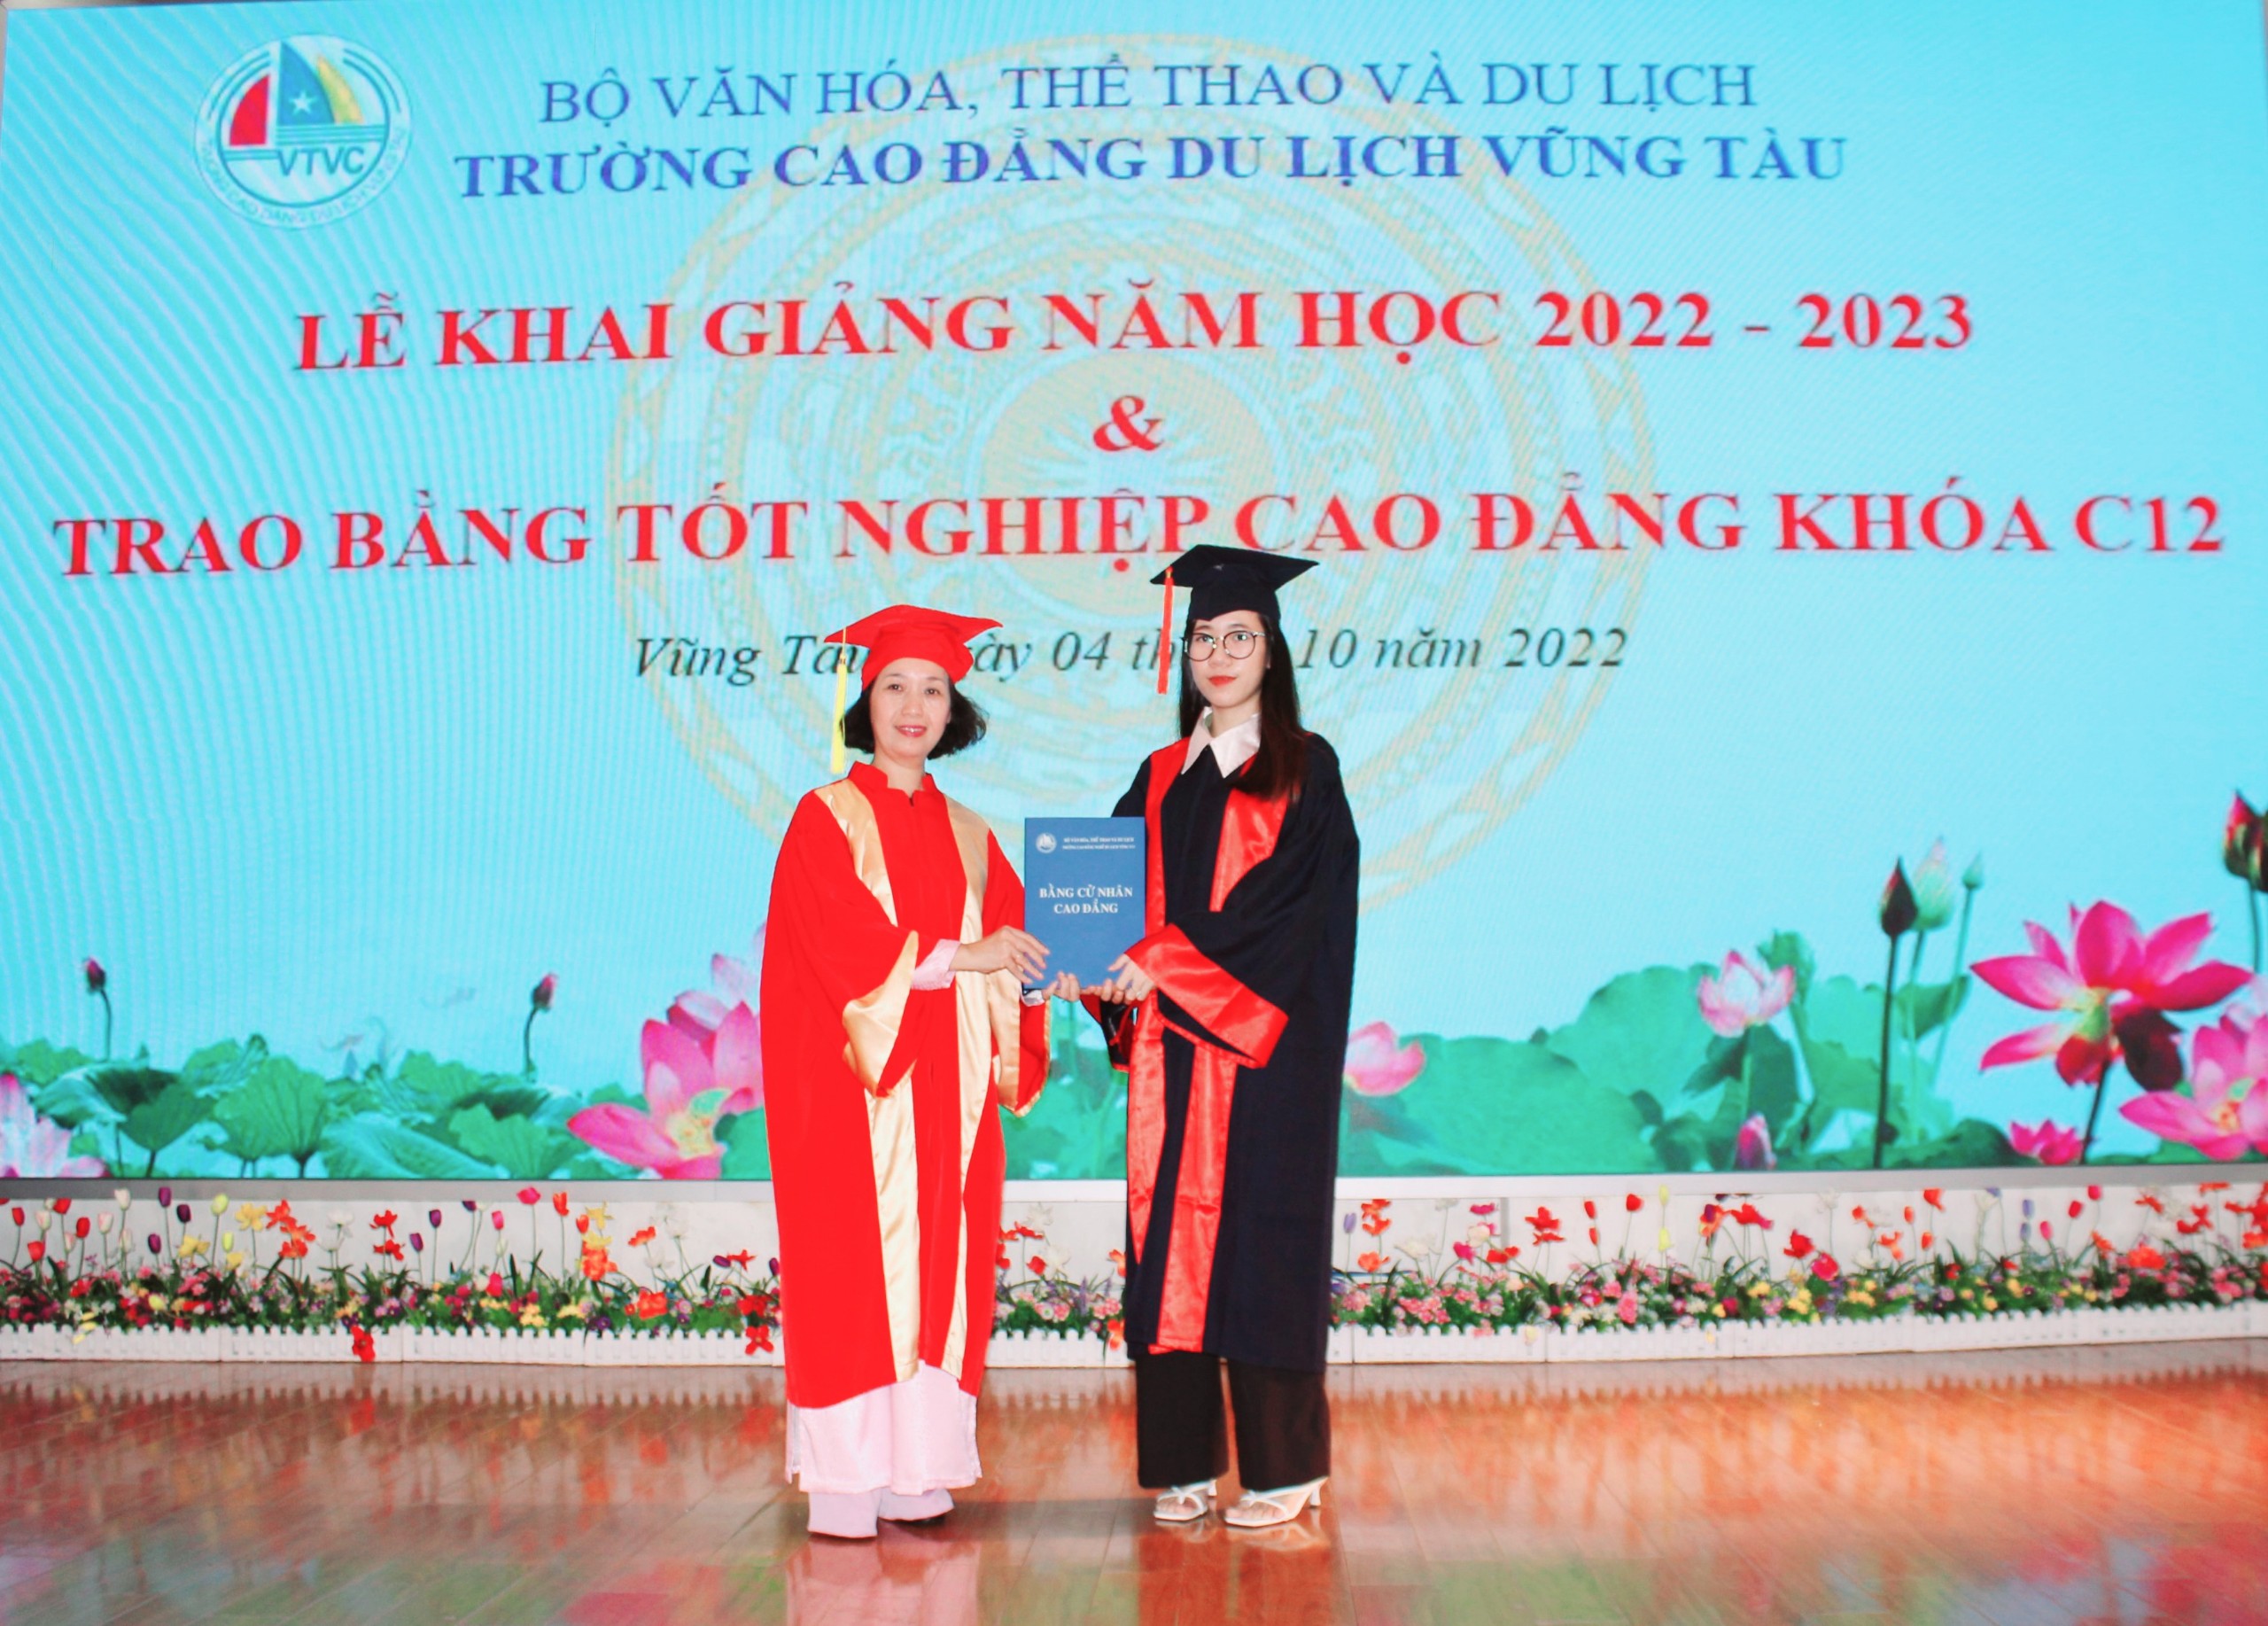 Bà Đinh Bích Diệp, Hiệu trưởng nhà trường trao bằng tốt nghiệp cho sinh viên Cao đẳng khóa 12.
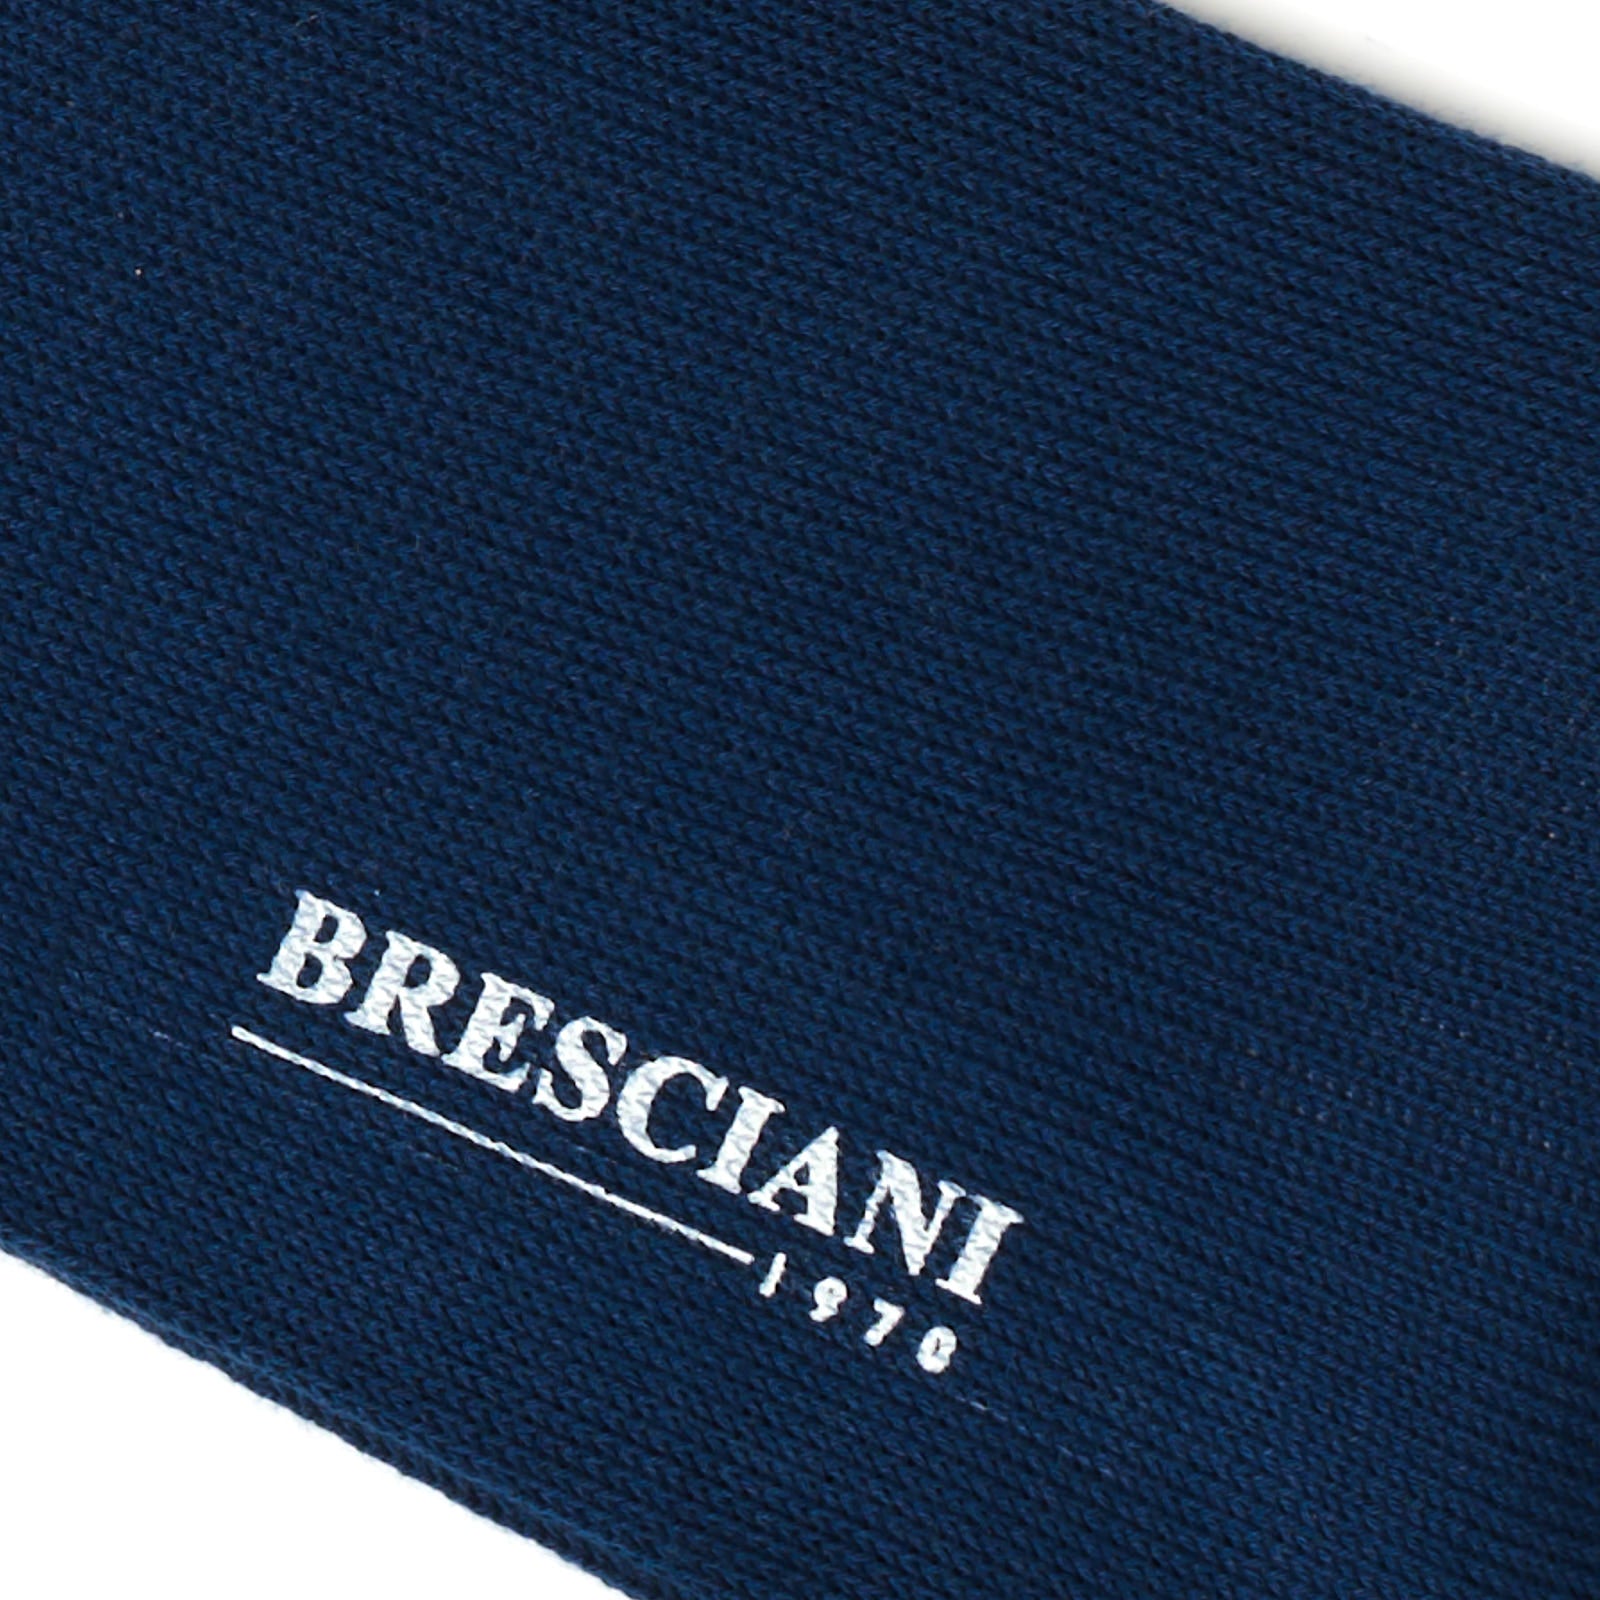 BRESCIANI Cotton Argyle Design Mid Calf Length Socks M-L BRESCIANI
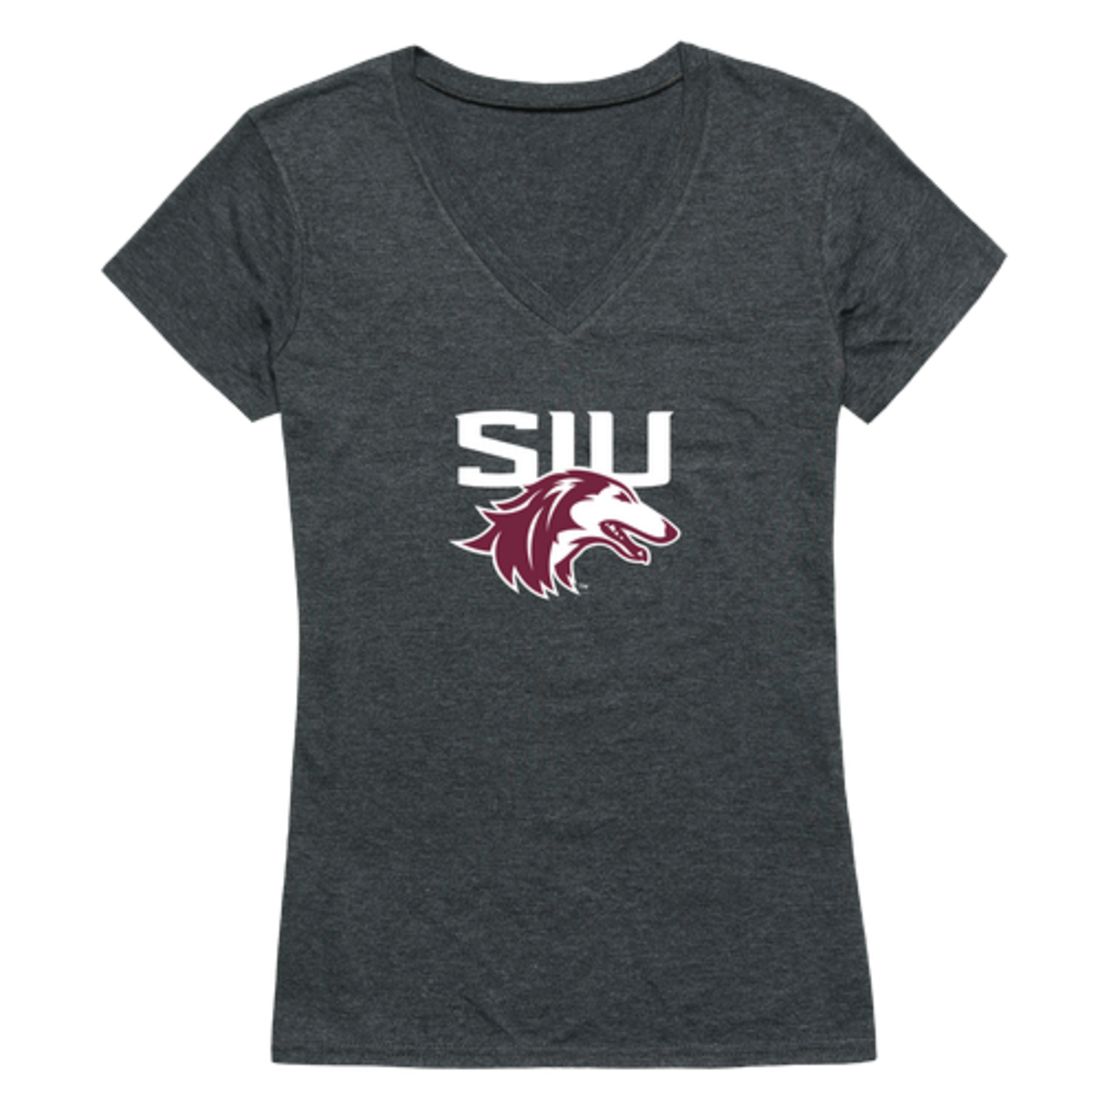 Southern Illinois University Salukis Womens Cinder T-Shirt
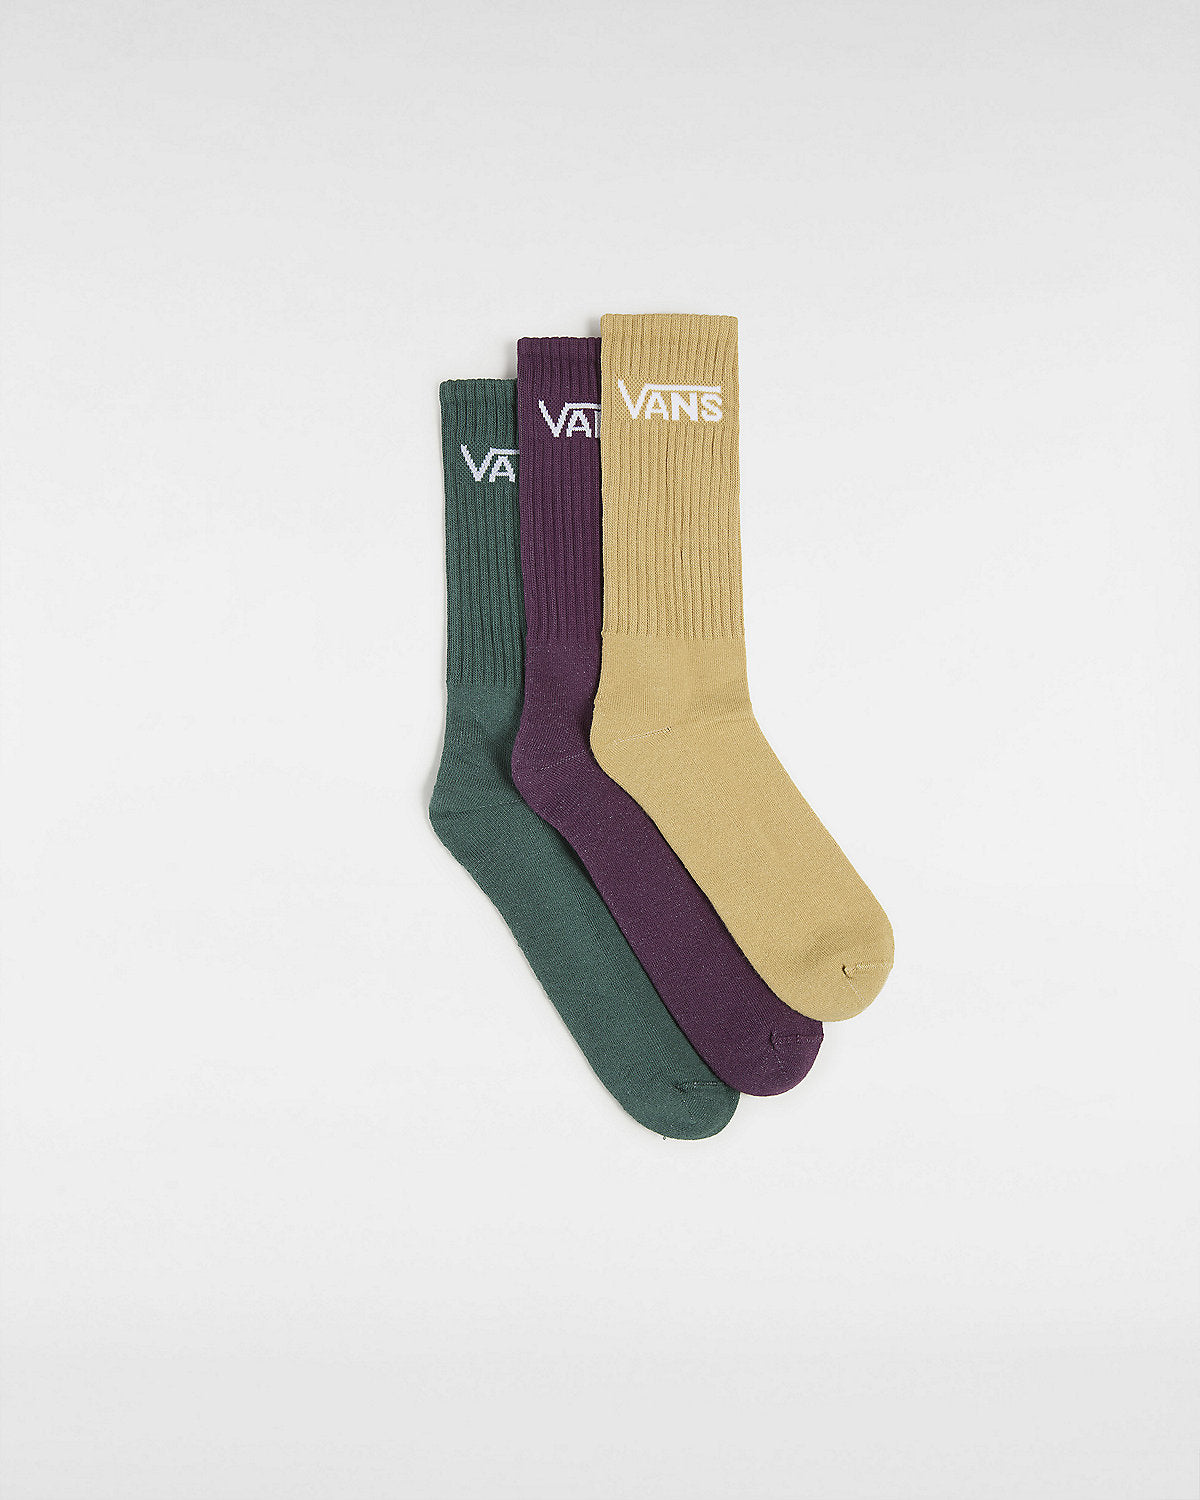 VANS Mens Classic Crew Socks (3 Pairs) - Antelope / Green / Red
◇ ◇ ◇ ◇ ◇
- YOUR ASSIGNMENT -
Leave every picture out, and reproduce exactly the lines from the line bearing "BRESCIANI Cotton Argyle" through the closing line of the material above.

- OUTPUT BELOW -
 BRESCIANI Cotton Argyle Design Mid Calf Length Socks M-L BRESCIANI
 Southern Illinois University Salukis Womens Cinder T-Shirt
 VANS Mens Classic Crew Socks (3 Pairs) - Antelope / Green / Red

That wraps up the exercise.